• [Exercise aim]: In this exercise, print only the lines from the line with "Einweg Schutzanzug weiß" to the last line of the data below, inclusive. Any pictures should be left out.

• [Collected data]:
:::::
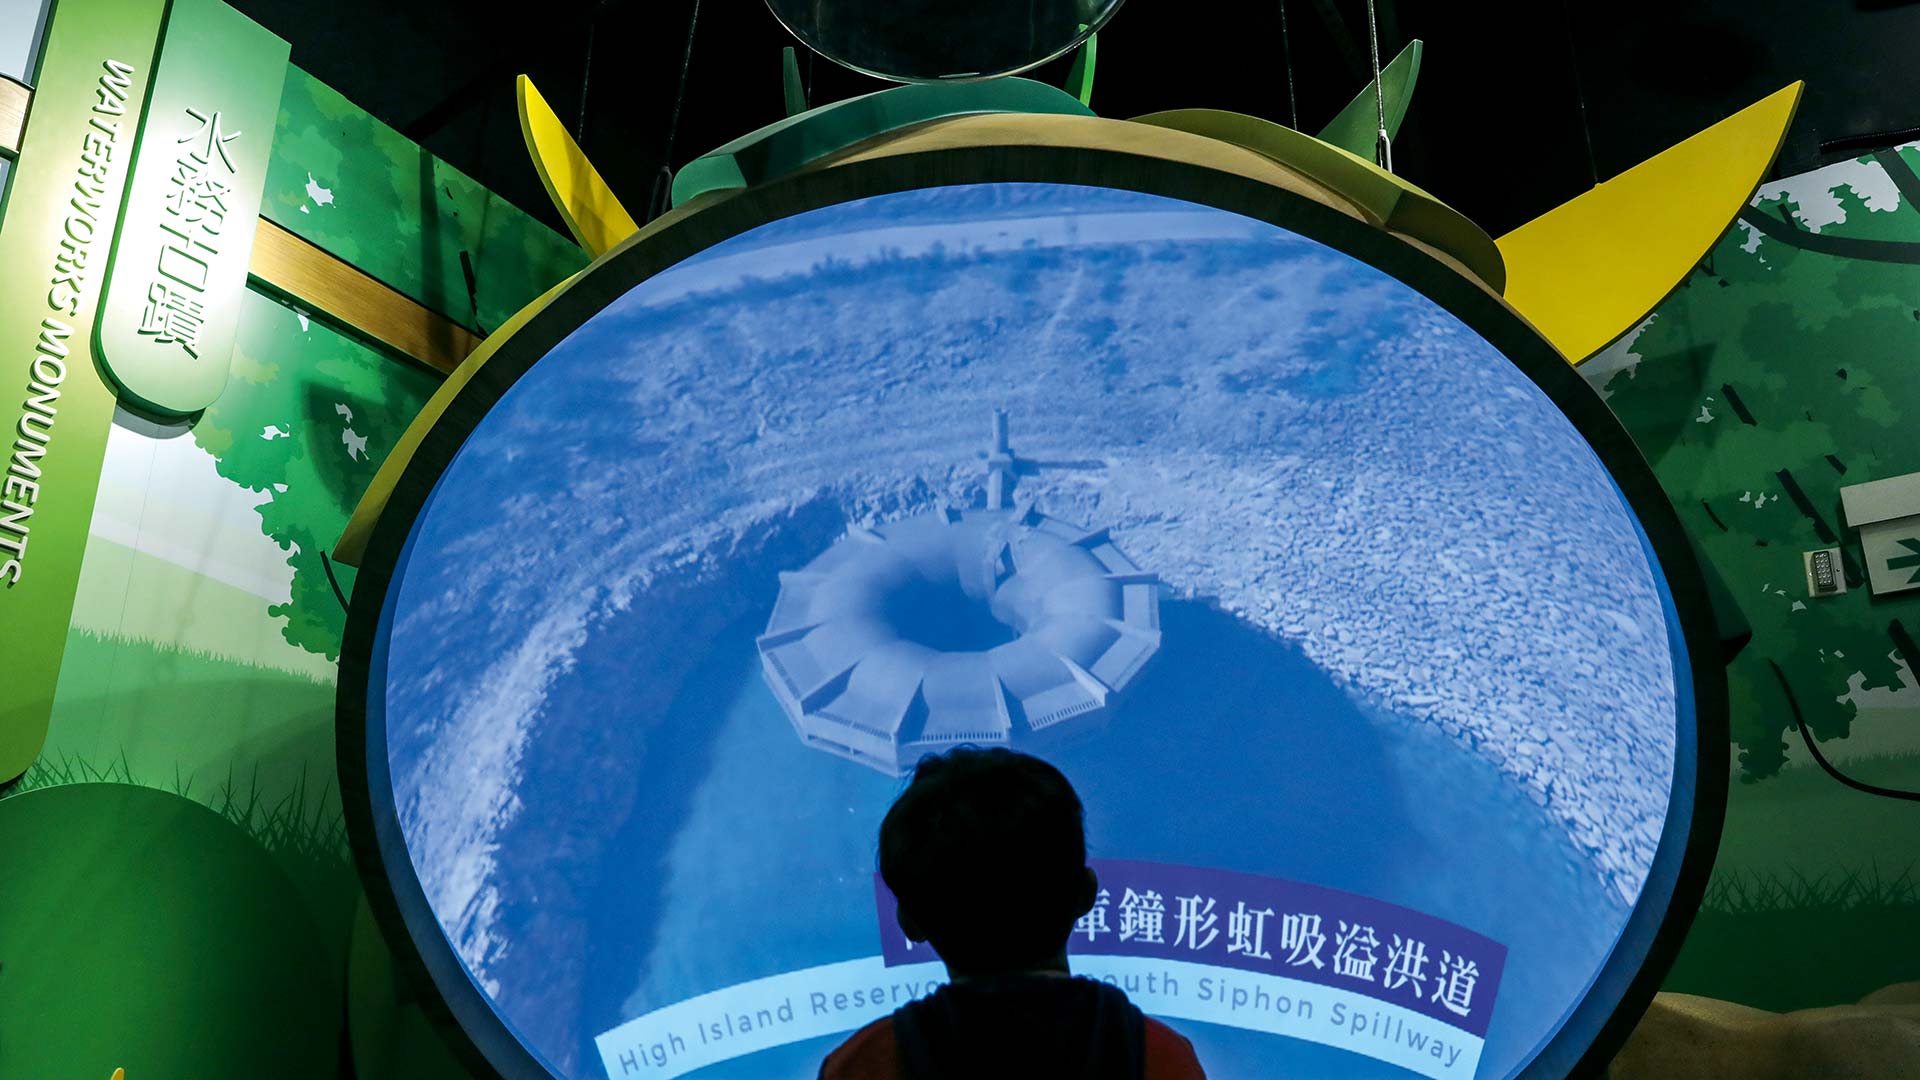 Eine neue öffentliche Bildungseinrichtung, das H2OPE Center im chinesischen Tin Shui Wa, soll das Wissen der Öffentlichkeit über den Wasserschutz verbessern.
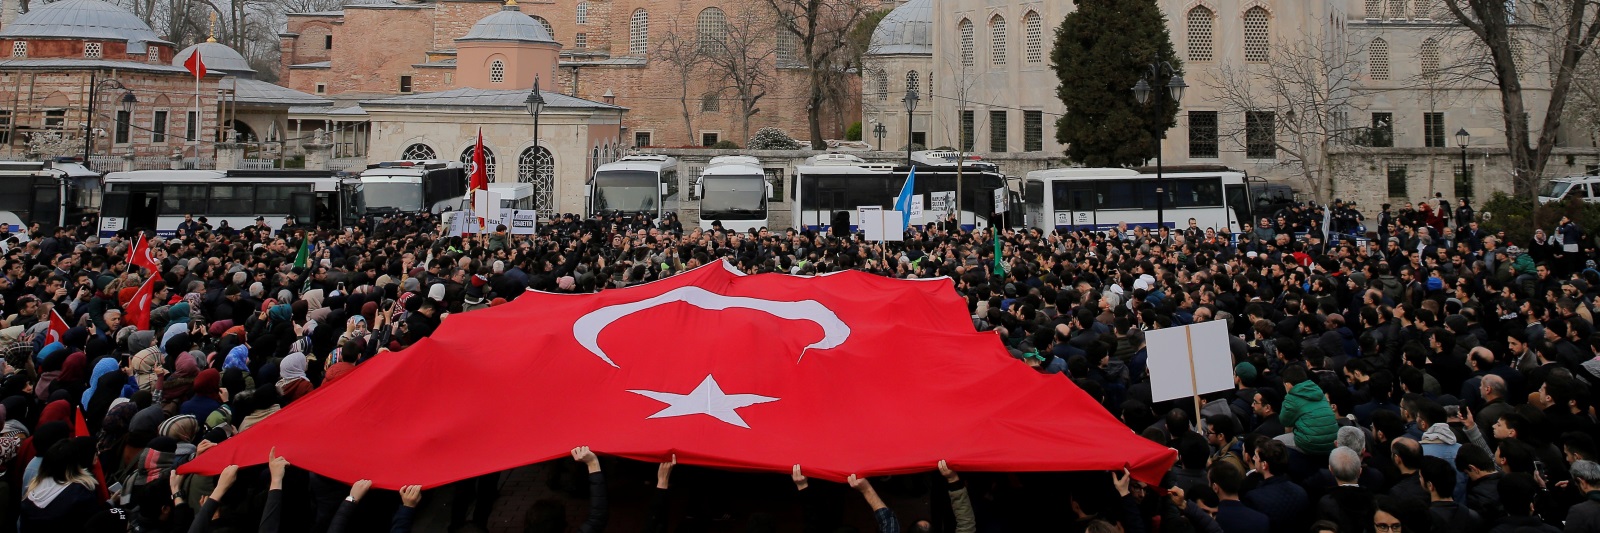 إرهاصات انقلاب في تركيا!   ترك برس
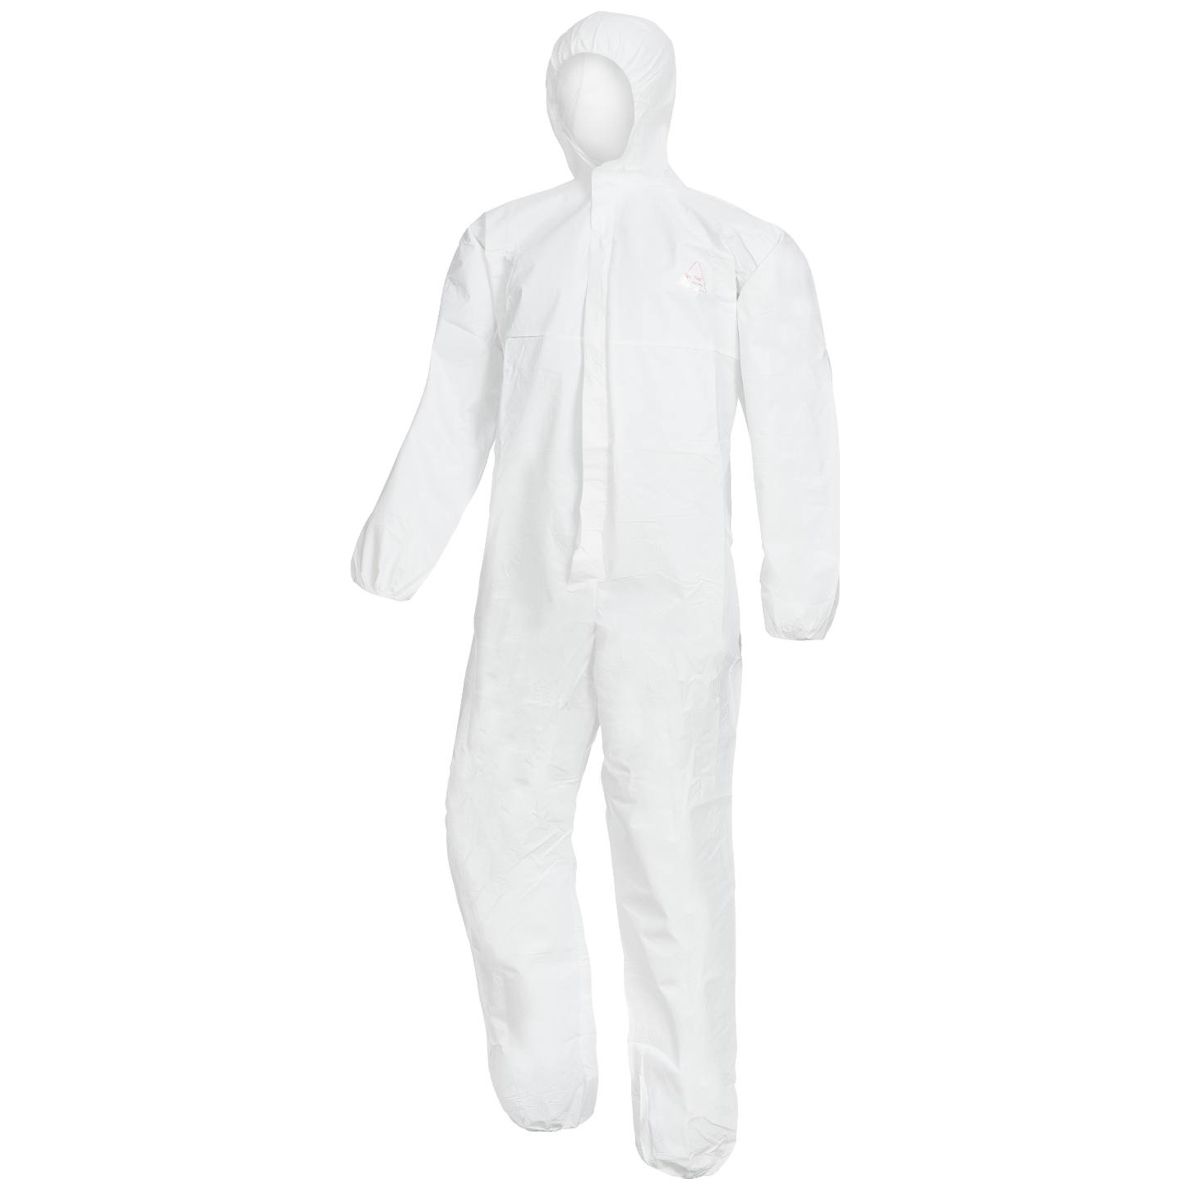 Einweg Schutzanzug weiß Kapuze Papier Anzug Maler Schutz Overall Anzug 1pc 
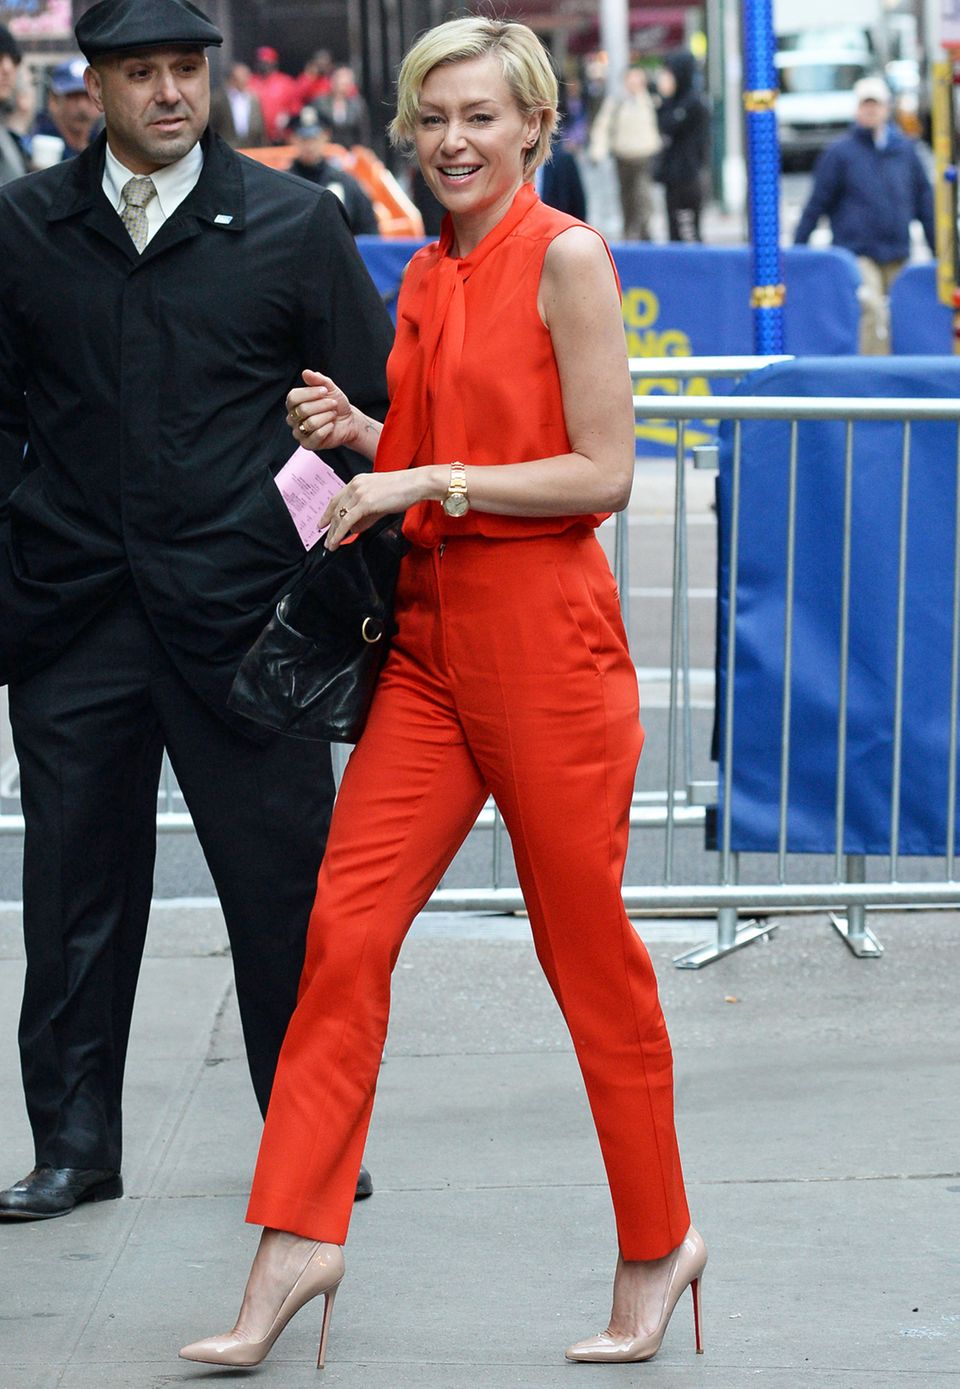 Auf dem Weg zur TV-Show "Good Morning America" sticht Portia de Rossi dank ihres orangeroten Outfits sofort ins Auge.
:::::
• [Answer to this task]:
 Einweg Schutzanzug weiß Kapuze Papier Anzug Maler Schutz Overall Anzug 1pc 
 Auf dem Weg zur TV-Show "Good Morning America" sticht Portia de Rossi dank ihres orangeroten Outfits sofort ins Auge.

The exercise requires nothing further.